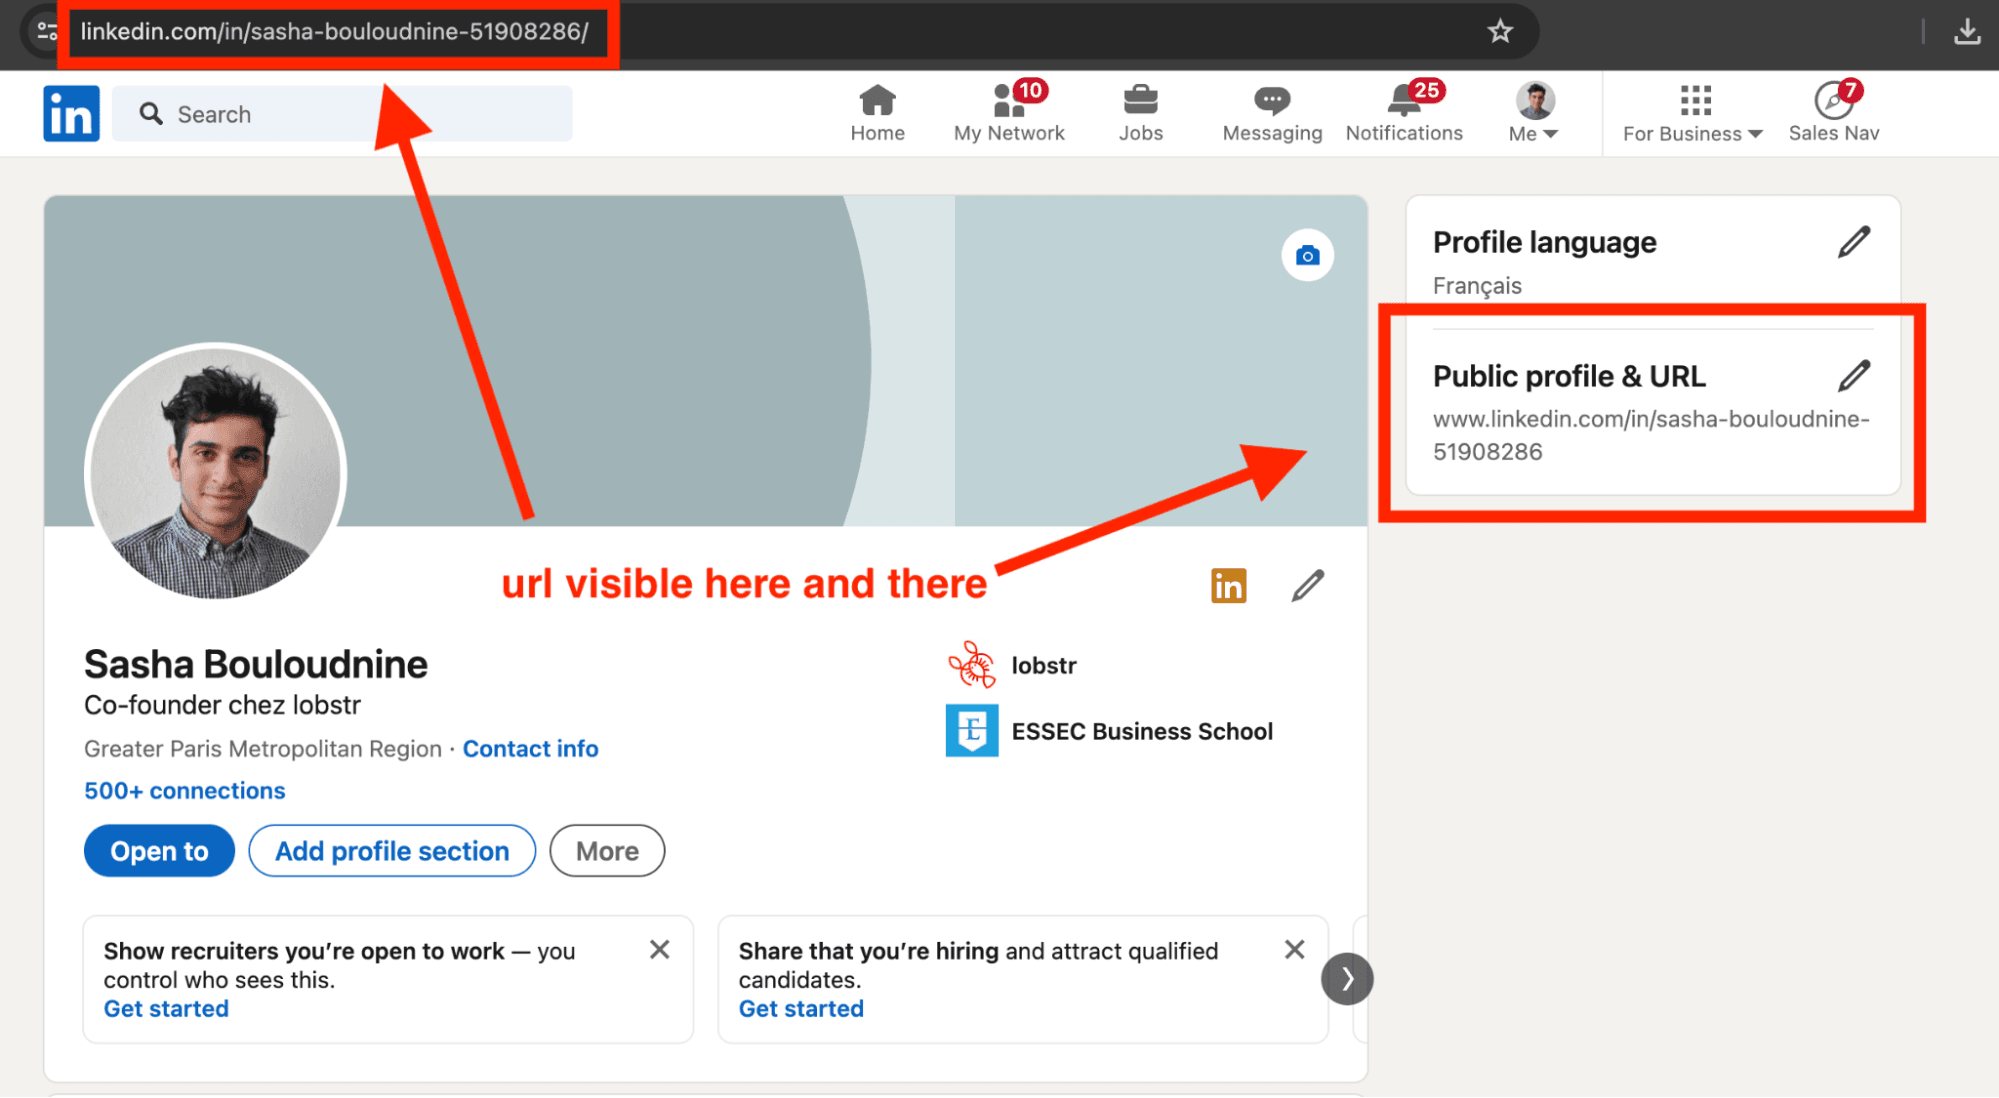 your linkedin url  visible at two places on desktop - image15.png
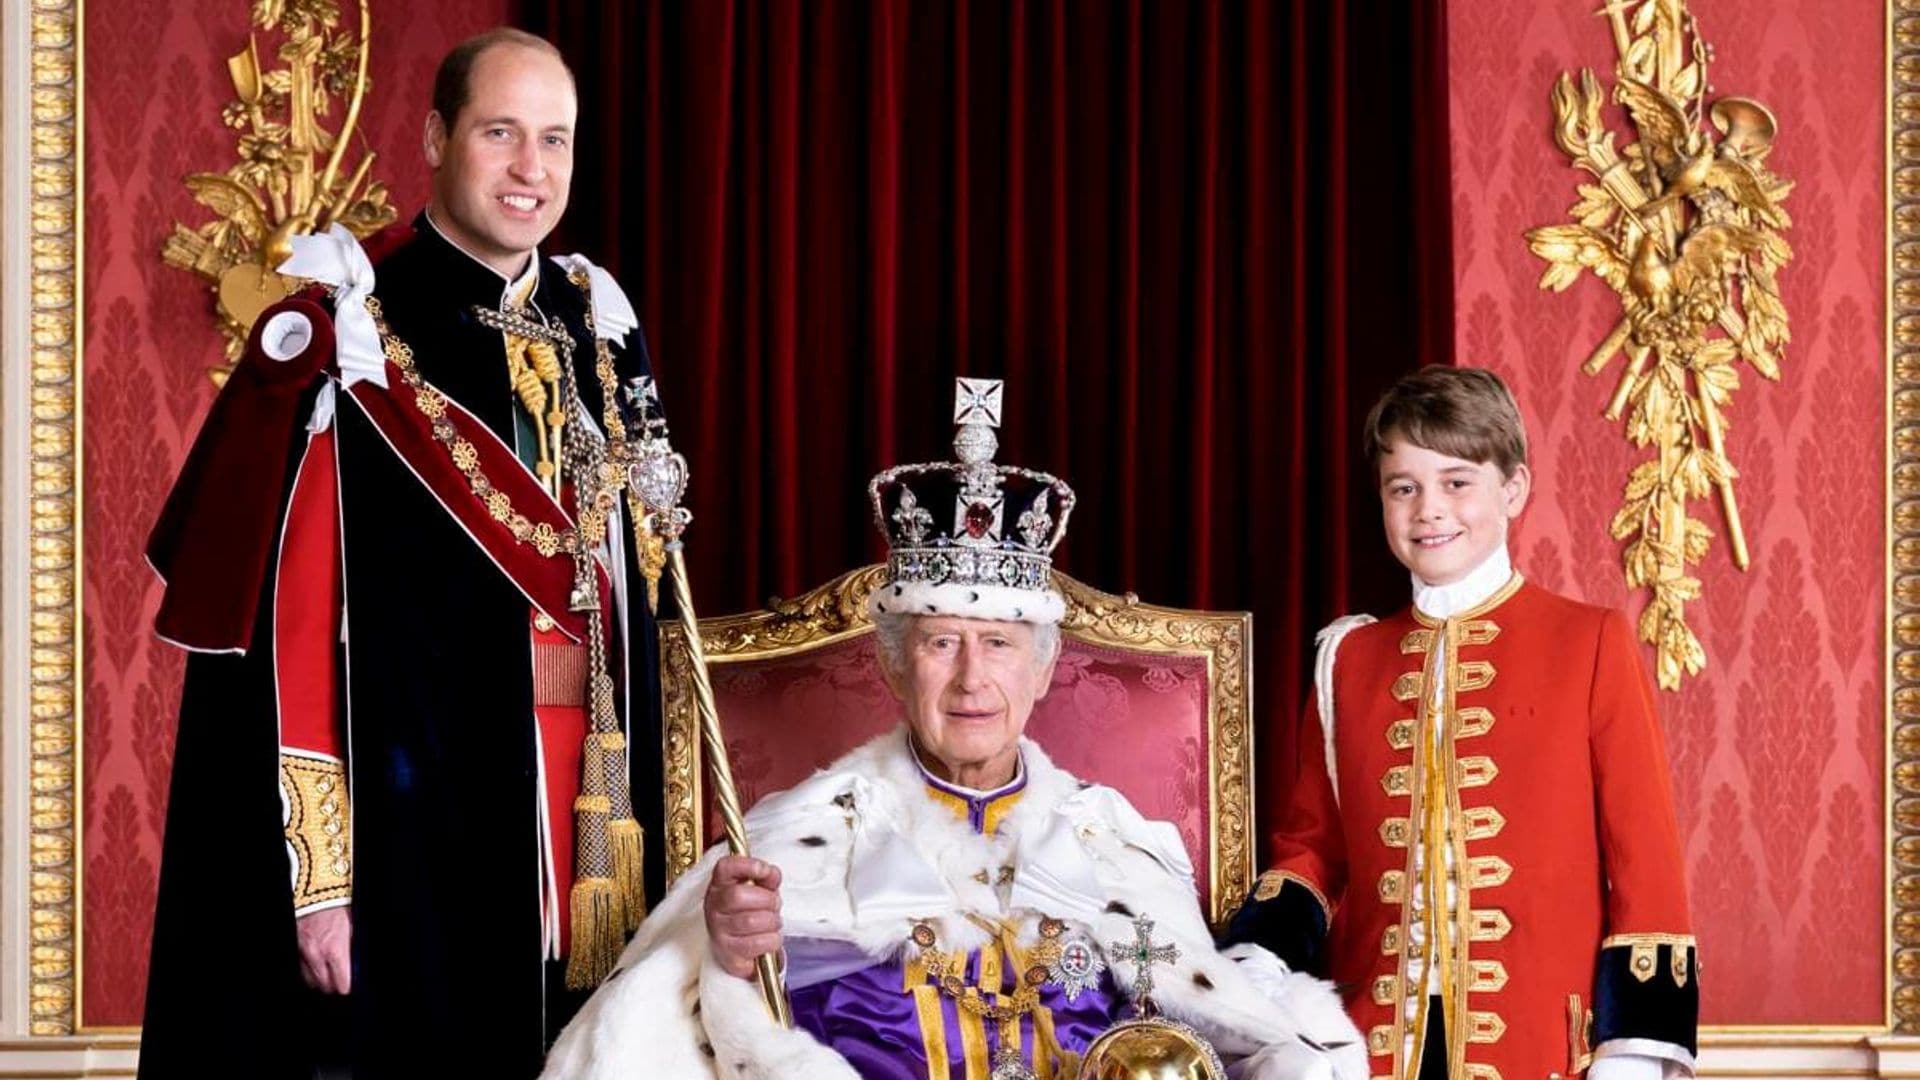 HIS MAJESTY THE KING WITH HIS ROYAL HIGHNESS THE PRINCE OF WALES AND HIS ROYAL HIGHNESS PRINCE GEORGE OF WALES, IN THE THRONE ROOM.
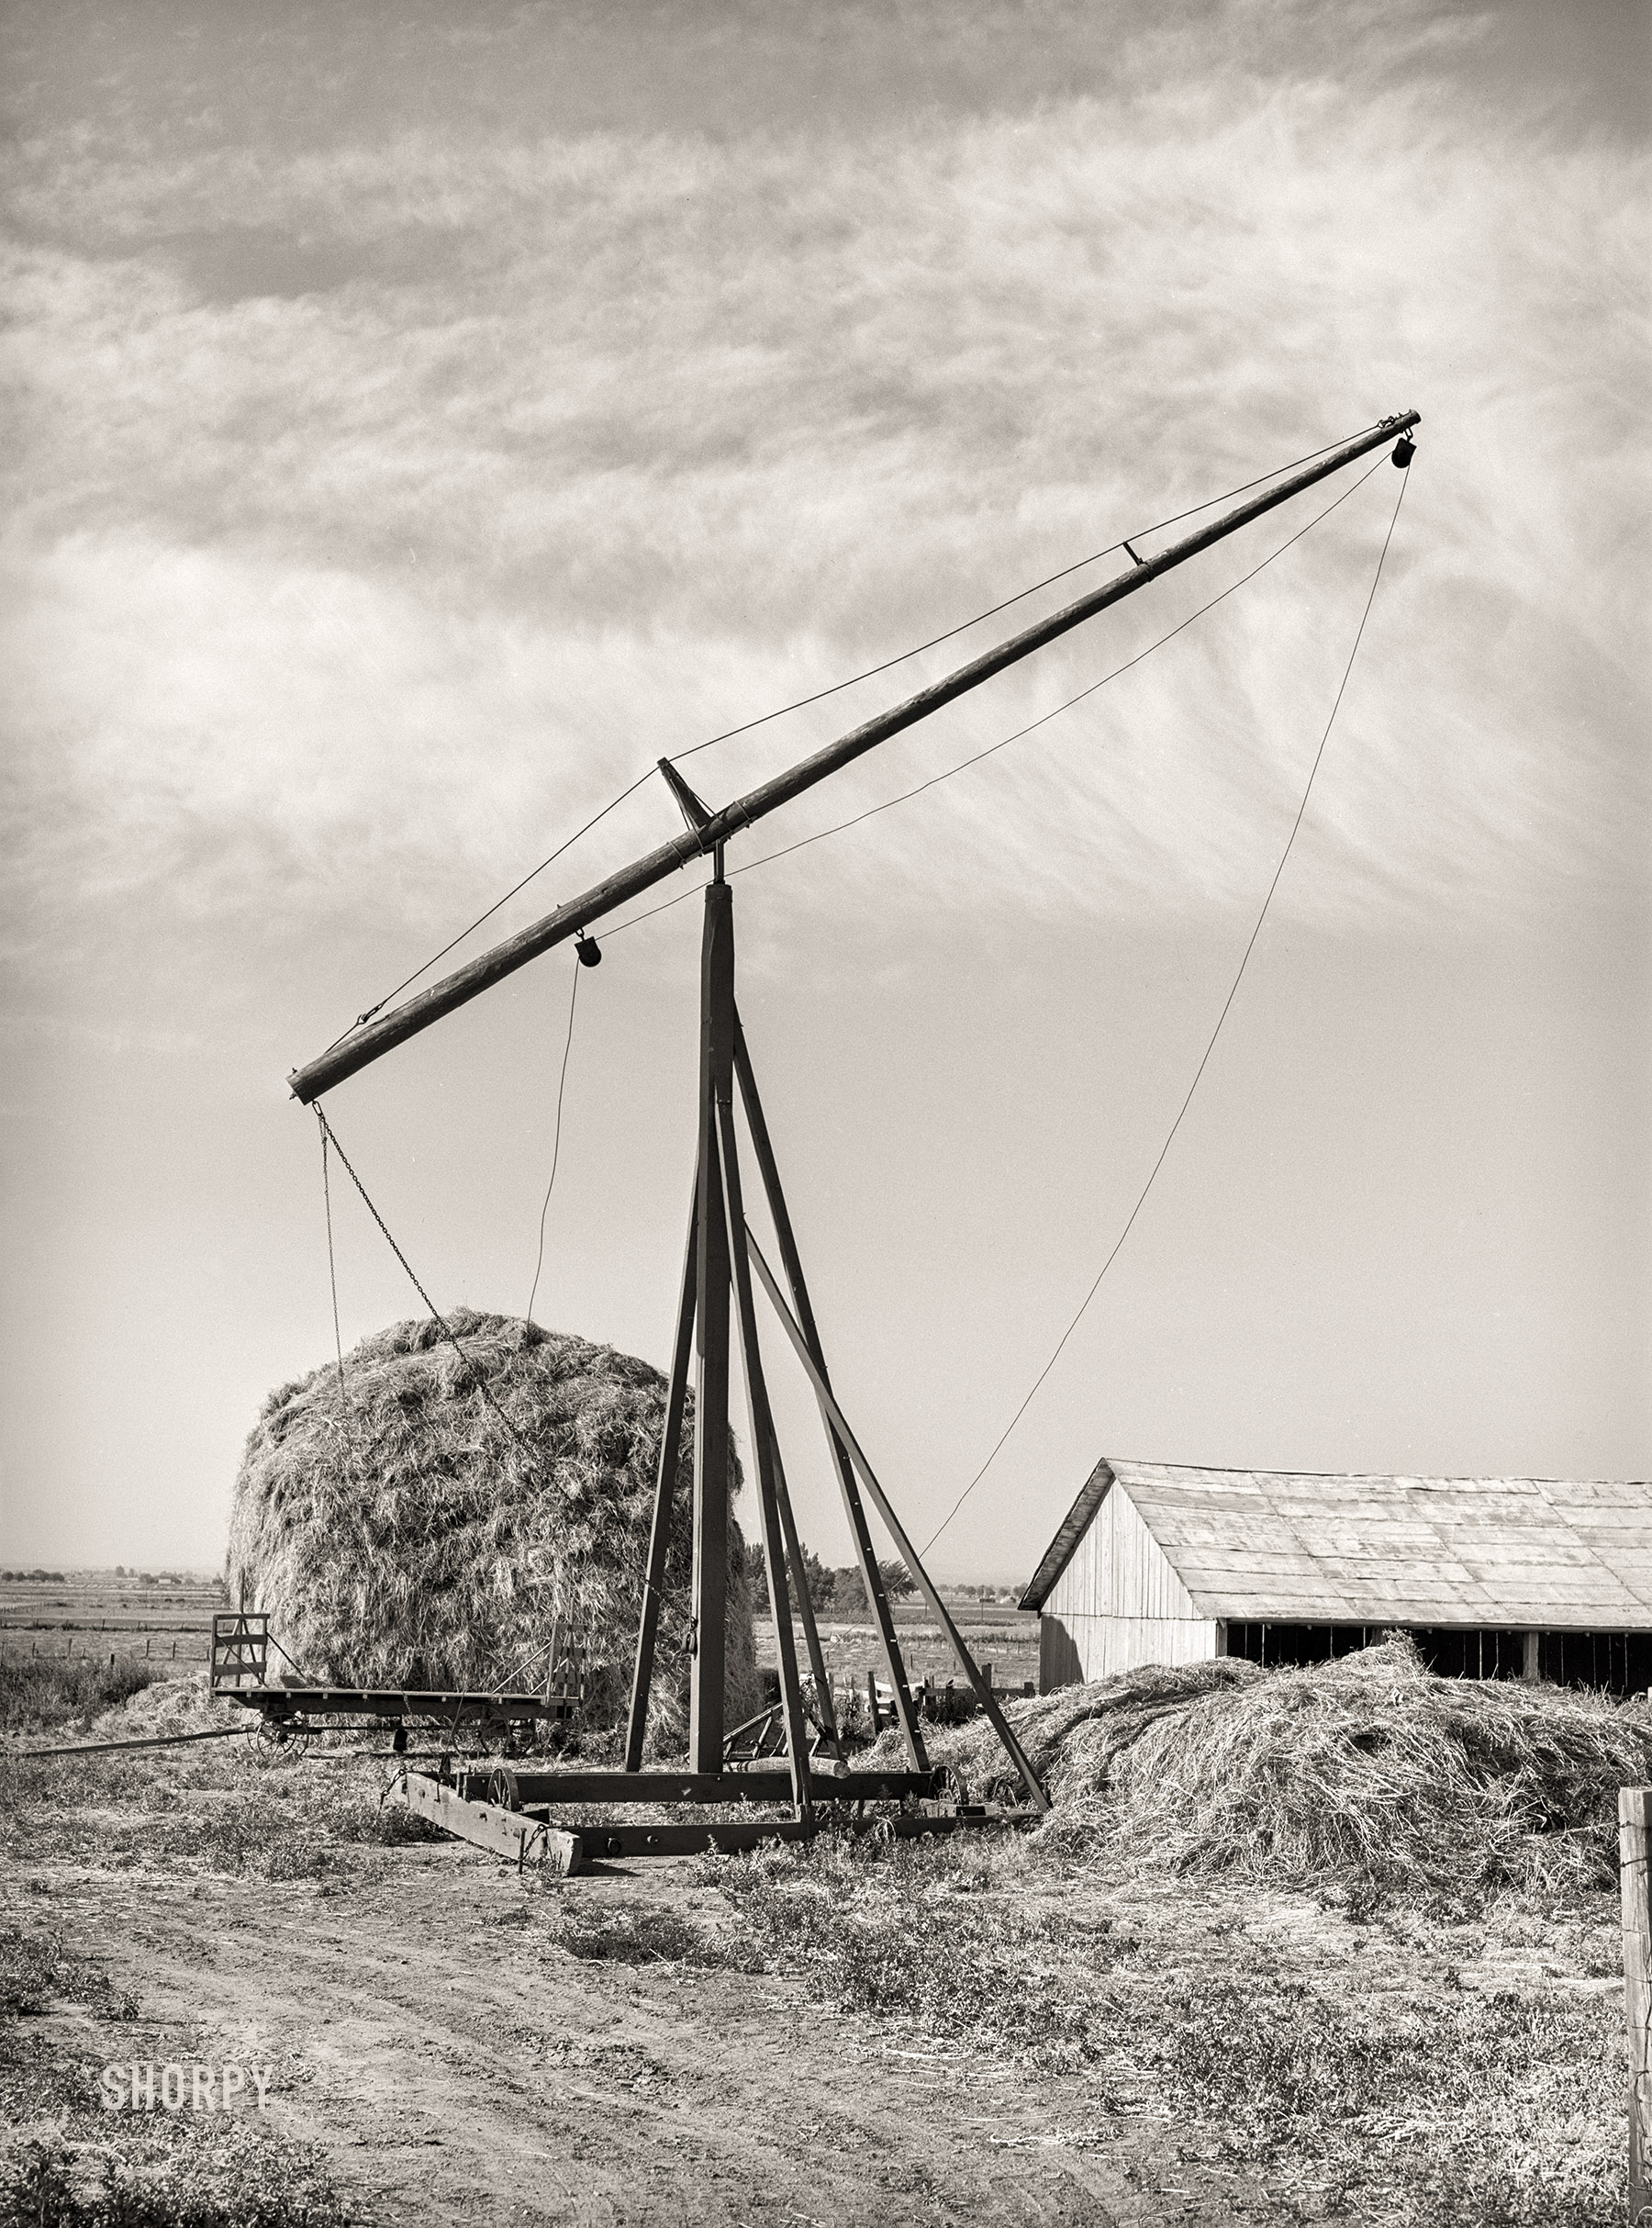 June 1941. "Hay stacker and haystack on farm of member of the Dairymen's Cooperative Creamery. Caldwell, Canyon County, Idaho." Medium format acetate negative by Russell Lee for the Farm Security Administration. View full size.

== About this exercise ==
Your output must consist only of the lines from the line with "HIS MAJESTY THE" through the final line of the data, both included, reproduced exactly and free of pictures.

== Reply ==
 HIS MAJESTY THE KING WITH HIS ROYAL HIGHNESS THE PRINCE OF WALES AND HIS ROYAL HIGHNESS PRINCE GEORGE OF WALES, IN THE THRONE ROOM.
 June 1941. "Hay stacker and haystack on farm of member of the Dairymen's Cooperative Creamery. Caldwell, Canyon County, Idaho." Medium format acetate negative by Russell Lee for the Farm Security Administration. View full size.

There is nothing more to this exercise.